Temer encontra Netanyahu, Abbas e Al-Sisi à margem da Assembleia da ONU

Nações Unidas, Estados Unidos, 20 Set 2017 (AFP) - O presidente Michel Temer teve reuniões bilaterais nesta terça-feira com o primeiro-ministro israelense, Benjamin Netanyahu, o presidente palestino, Mahmud Abbas, e o presidente egípcio, Abdul Fatah Khalil Al-Sisi, à margem da Assembleia Geral da ONU.

Segundo informações do Itamaraty, durante o encontro, Netanyahu reconheceu que o Brasil se tornou um poder global. Temer convidou o premiê a visitar o Brasil e também foi convidado a ir a Israel. Netanyahu disse que vai visitar Lima, em abril. E, depois, pretende ir ao Brasil.

Temer declarou que a comunidade judaica é muito importante no Brasil. Netanyahu respondeu que é preciso criar voos diretos entre São Paulo e Tel Aviv.

Brasil e Israel têm sólida base de cooperação, mas podem fazer muito mais.

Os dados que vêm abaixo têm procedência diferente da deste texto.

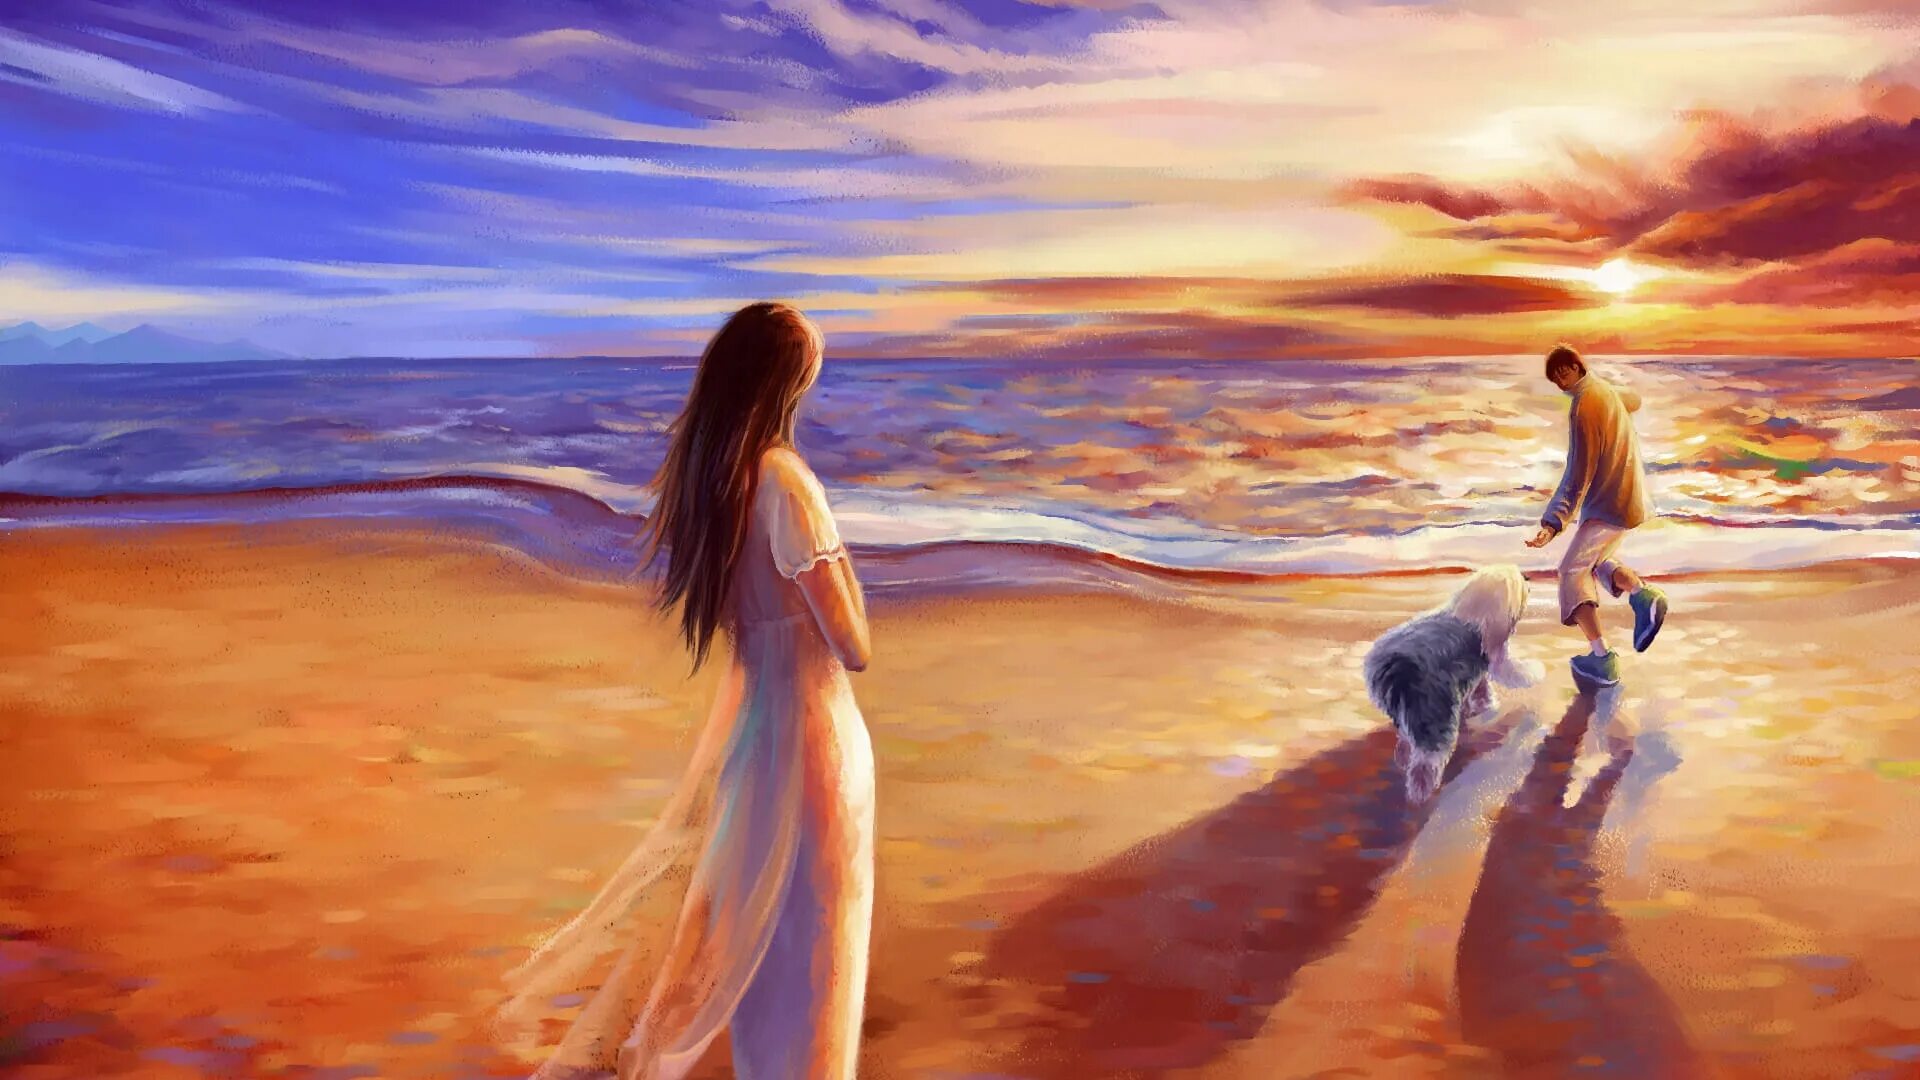 Красивые пейзажи с людьми. Девушка на берегу моря. Красивые картины. Душевные картины. У всего живого есть свои сокровенные тайны

Israelenses detêm 20% do investimento privado em segurança cibernética no mercado mundial. Netanyahu defendeu o desenvolvimento de softwares para a indústria automobilística e projetos de carros autônomos. Propôs joint ventures com empresas brasileiras.

Temer apresentou projetos de PPI (programa de parceria em investimentos) e disse querer investimentos israelenses. Netanyahu respondeu que quando for ao Brasil, vai levar uma grande comitiva de empresários.

Não foram divulgadas informações sobre o encontro com Abbas, realizado após a inauguração da Assembleia Geral, mas pelo Twitter o presidente brasileiro publicou uma foto da reunião e informou ter convidado o contraparte palestino a visitar o Brasil.

Também no Twitter, Temer publicou foto da reunião com o presidente egípcio Al-Sisi, e escreveu que o mandatário "quer aumentar o intercâmbio com o Brasil e oferece seu país como porta de entrada para a África e o Oriente Médio".

"Ele elogiou as reformas brasileiras e a rapidez que retiramos o País da recessão", acrescentou Temer em seu post.

- "Sem alternativas à democracia" -Mais cedo, ao inaugurar a Assembleia Geral da ONU, Temer disse que o Brasil está junto ao povo da Venezuela, onde não há lugar para alternativas à democracia.

"A situação dos direitos humanos na Venezuela continua a deteriorar-se", afirmou Temer, o primeiro presidente a se pronunciar, como é tradição no maior encontro diplomático do planeta.

"Estamos ao lado do povo venezuelano, a que nos ligam vínculos fraternais. Na América do Sul, já não há mais espaço para alternativas à democracia. É o que afirmamos no Mercosul, é o que seguiremos defendendo", afirmou o chefe de Estado brasileiro.

Temer discutiu a grave crise venezuelana em um jantar na noite de segunda com o presidente Donald Trump e seus colegas do Panamá e Colômbia, assim como a vice-presidente argentina.

Diante de seu público mundial no plenário da ONU, Temer defendeu o multilateralismo e sua gestão frente à maior economia latino-americana.

"O novo Brasil que está surgindo das reformas é um país mais aberto ao mundo", garantiu.

"É essa atitude de abertura que trazemos à ONU e que levamos ao Mercosul, ao G20, ao BRICS, ao IBAS e a todos os foros de que participamos. É essa atitude de abertura que adotamos com cada um de nossos parceiros - na nossa região e além dela", disse ainda.

"Com reformas estruturais, estamos superando uma crise econômica sem precedentes. Estamos resgatando o equilíbrio fiscal. E, com ele, a credibilidade da economia. Voltamos a gerar empregos. Recobramos a capacidade do Estado de levar adiante políticas sociais indispensáveis em um país como o nosso", acrescentou.

O desemprego ainda afeta quase 13% da população ativa do Brasil, mas o país começa a se recuperar da maior recessão de sua história. A inflação está cedendo, permitindo que o Banco Central continue reduzindo sua taxa básica de juros.

Temer, no entanto, é acusado de liderar uma organização criminosa em seu governo e conta com uma popularidade de apenas 5%.